怪盗ファントマシリーズは、フランスの人気シリーズで、42作も書き継がれ、何度も映画化されているといいます。
そのような名作シリーズが埋もれていたとは。
少年少女対象ながらこういった作品を収録したとは、何と素晴らしい名作全集でしょう。
小学館 ワイドカラー版 少年少女 世界の名作 第23巻 フランス編4 収録
怪盗ファントマ
スーベストル&アラン共著
佐々木善郎 訳
矢崎節夫 文
東 重雄 絵
http://nazede.gozaru.jp/meisaku.html
忘れられた知られざる名作探偵小説の発掘、掘り出し物かと思って期待して読み始めました。
同じシリーズの『ルコック探偵』が素晴らしかったので、その再来を期待していたわけです。

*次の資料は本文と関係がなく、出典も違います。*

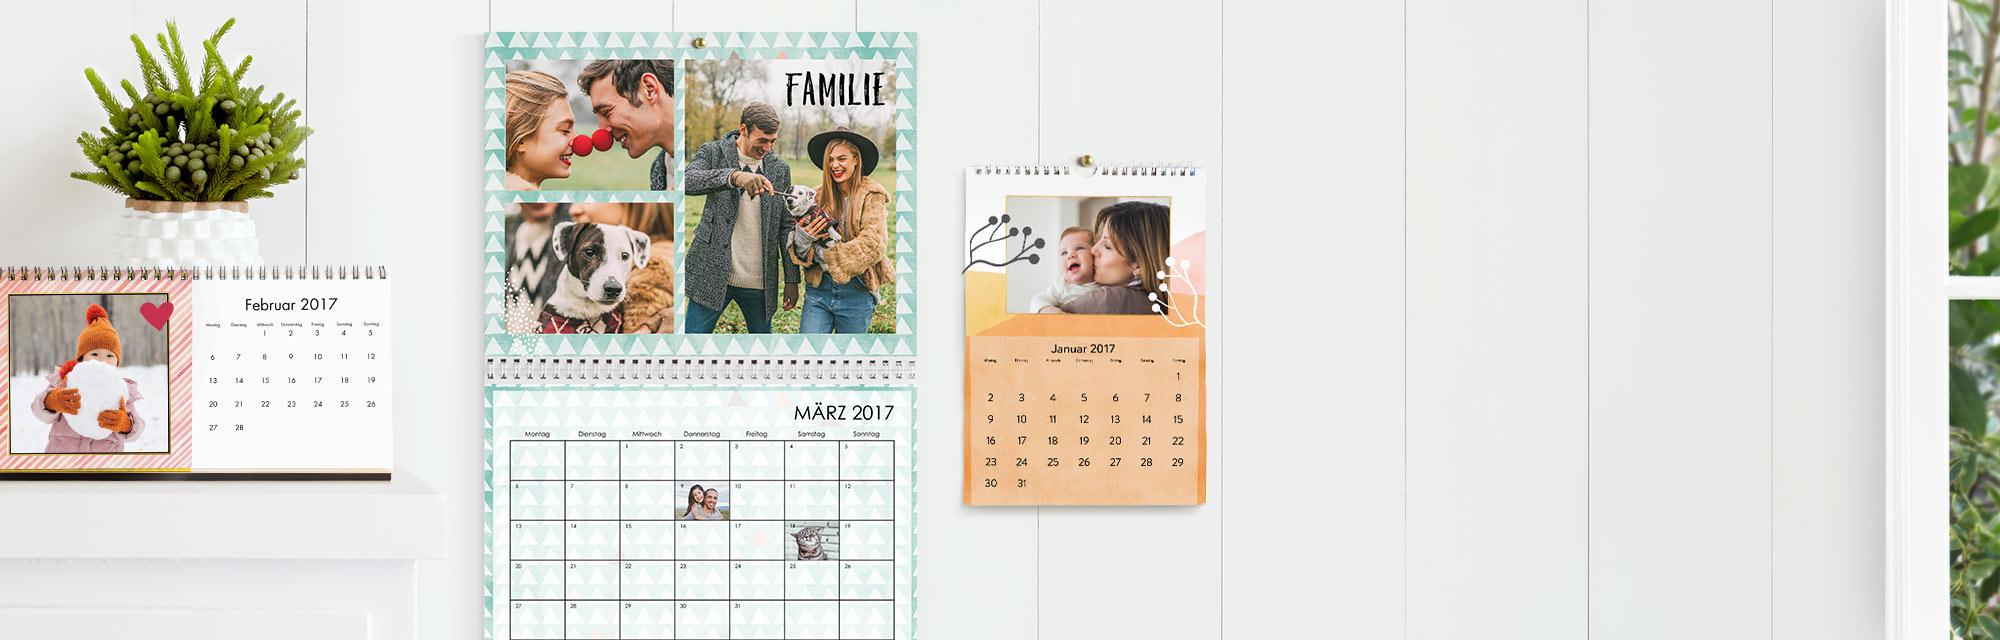 Fotokalender  : Individuelle Fotokalender - Ihre Lieblingsfotos immer im Blick

■[名作文学]ルコック探偵尾行命令(ネタばれ注意!)
http://d.hatena.ne.jp/nazegaku/20120106/p1
物語では、怪盗ファントマが起こす3つの事件が描かれ、4人が犠牲になって殺されます。
つまり、怪盗ファントマは殺人を犯すのを何とも思っていないわけです。
そこら辺、殺人を嫌うアルセーヌ・ルパンや怪人二十面相と違う点です。
怪盗ファントマの敵役として、パリ警視庁のジューブ警部が登場。
役者と舞台は揃っているわけです。
どんなドラマが展開されるか……?
しかし爽快なものにはならず、少々重苦しいような。
最初の事件は、確かにトリックも素晴らしく、それを解明するジューブ警部も能力を発揮し、大活躍します。
しかし、少々中途半端。動機の解明がないまま尻切れトンボで終わった感。
犯人のファントマも、苦労して殺人を犯した割には、見返りはあったのでしょうか?さっさと退散してしまいます。
二番目の事件、これはまあ楽しめました。
ジューブ警部の活躍のおかげで、ファントマもついに逮捕され、裁判で死刑判決が下ります。
しかし、最後の事件がいけない。
ファントマ一味の工作によって身代わりが仕立て上げられ、身代わりが代わりに処刑され、ファントマは逃亡に成功。
死刑執行までの過程が細かく描かれています。
自分が身代りにされたような気持ちになってドキドキしながら読み進めます。
処刑を待つジューブ警部の描写も詳しくされています。
いつ悪だくみが判明するか、いつ助かるか、と思いながら読み進めます。
ところが、ついに事実は判明せず、無実の人が身代りになって処刑されてしまうわけです。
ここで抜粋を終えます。